Unsupervised Machine Learning for Detecting Structural Anomalies in European Regional Statistics

2026-05-04Machine Learning

Machine Learning
AI summary

The authors address the challenge of spotting unusual combinations of socio-economic indicators across European regions using data from Eurostat. They test five machine learning methods on data like GDP, unemployment, education, and population density, and label regions as unusual if flagged by multiple methods. Their approach highlights regions that differ structurally, such as wealthy cities and less developed areas, without implying data errors. This method can help policymakers understand and respond to regional differences. The authors emphasize that their approach is practical, reproducible, and can be integrated into existing data checks.
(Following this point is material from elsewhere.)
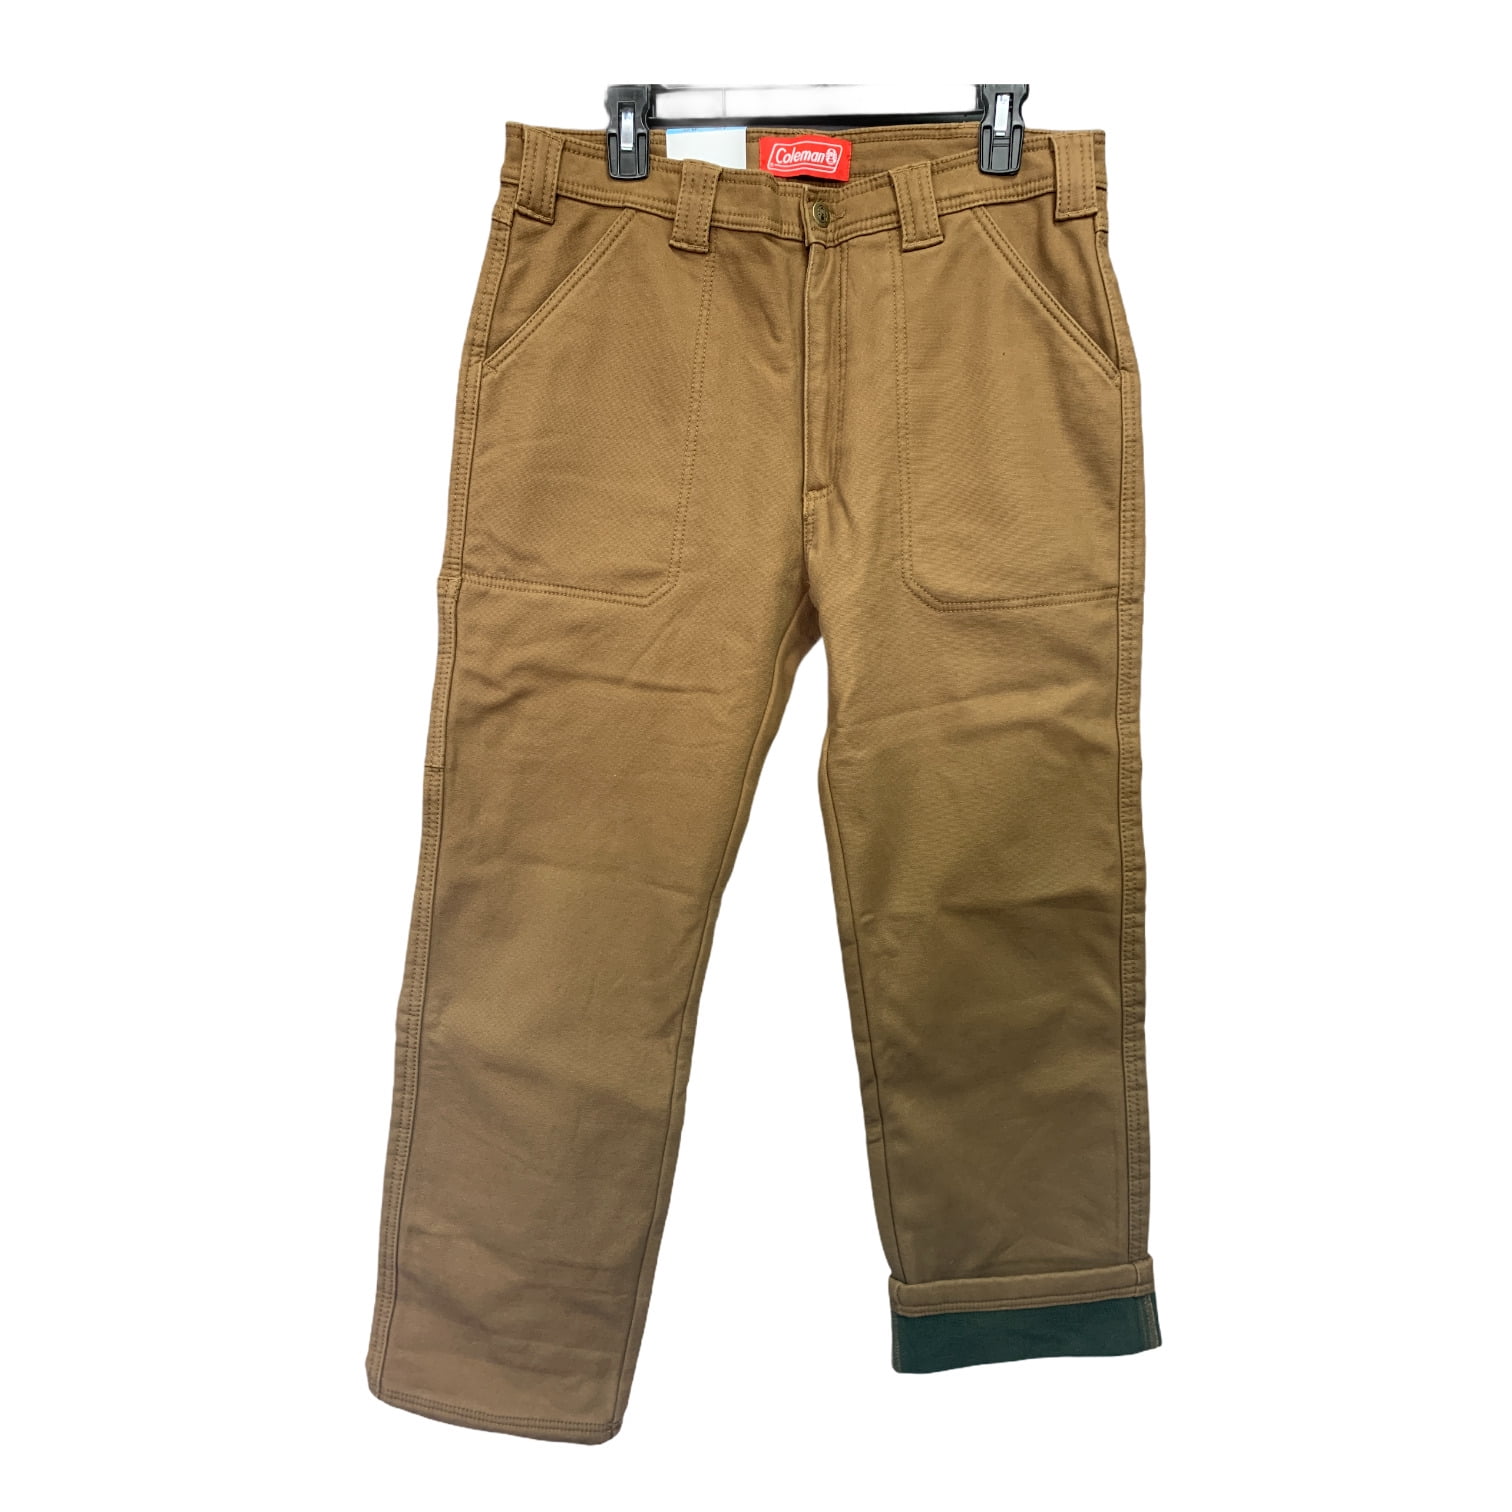 Coleman Fleece Lined Stretch & Tear Resistant Rugged Pants (Caramel, 36x30)

anomaly detectionEurostatNUTS2 regionsGDP per capitaunemployment ratetertiary educationpopulation densitymachine learningIsolation ForestLocal Outlier Factor
Authors
Bogdan Oancea
Abstract
Ensuring the coherence of regional socio-economic statistics is a central task for national statistical institutes. Traditional validation tools, such as range edits, ratio checks, or univariate outlier detection, are effective for identifying extreme values in individual series but are less suited for detecting unusual combinations of indicators in high-dimensional settings. This paper proposes an unsupervised machine learning framework for identifying structurally atypical regional profiles within Europe using publicly available Eurostat data. We construct a cross-sectional dataset of NUTS2 regions (2022) covering four key indicators: GDP per capita in PPS, unemployment rate, tertiary educational attainment, and population density. We apply and compare five anomaly detection techniques, univariate z-scores, Mahalanobis distance, Isolation Forest, Local Outlier Factor, and One-Class SVM, and classify a region as a structural anomaly if it is flagged by at least three of the five methods. The findings show that machine learning methods identify a consistent set of regions whose multivariate profiles diverge substantially from the EU-wide pattern. These include both highly developed metropolitan economies (Brussels, Vienna, Berlin, Prague) and regions with persistent socio-economic disadvantages (Central and Western Slovakia, Northern Hungary, Castilla-La Mancha, Extremadura), as well as Istanbul, whose profile differs markedly from EU capital regions. Importantly, these anomalies do not necessarily signal data quality issues; rather, they reflect meaningful structural divergence that warrants analytical or policy attention. The proposed framework is fully reproducible, scalable, and compatible with existing validation workflows, offering a flexible tool for early detection of unusual regional configurations within the European Statistical System.